» **Task objective**
Report how many lines of the listing include the word "Comfort"; nothing else should be written.

» **Excerpted records**
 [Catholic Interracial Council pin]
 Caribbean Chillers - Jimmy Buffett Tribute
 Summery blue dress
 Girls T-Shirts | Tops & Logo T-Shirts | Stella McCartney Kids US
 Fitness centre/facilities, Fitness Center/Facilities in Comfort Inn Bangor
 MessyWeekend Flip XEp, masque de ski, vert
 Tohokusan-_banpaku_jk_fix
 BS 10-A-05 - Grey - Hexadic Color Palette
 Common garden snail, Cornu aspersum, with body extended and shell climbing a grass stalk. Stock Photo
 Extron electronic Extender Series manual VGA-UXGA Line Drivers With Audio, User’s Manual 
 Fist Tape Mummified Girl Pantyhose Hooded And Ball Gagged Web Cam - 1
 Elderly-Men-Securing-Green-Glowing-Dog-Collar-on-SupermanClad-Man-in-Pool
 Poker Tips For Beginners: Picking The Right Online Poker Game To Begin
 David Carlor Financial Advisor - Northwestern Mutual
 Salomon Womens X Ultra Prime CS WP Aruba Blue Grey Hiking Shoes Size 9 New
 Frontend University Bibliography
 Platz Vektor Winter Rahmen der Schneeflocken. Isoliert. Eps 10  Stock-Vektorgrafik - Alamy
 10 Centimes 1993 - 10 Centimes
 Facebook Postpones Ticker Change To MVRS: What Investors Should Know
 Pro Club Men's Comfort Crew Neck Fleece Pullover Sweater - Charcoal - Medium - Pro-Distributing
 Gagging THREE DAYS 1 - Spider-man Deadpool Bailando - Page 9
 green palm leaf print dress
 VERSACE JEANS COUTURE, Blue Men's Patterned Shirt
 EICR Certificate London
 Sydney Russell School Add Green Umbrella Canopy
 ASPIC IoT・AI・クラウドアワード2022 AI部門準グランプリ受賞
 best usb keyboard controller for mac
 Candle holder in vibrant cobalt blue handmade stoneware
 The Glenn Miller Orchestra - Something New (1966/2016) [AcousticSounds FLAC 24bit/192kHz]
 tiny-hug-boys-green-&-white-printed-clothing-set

» **Answer section**
2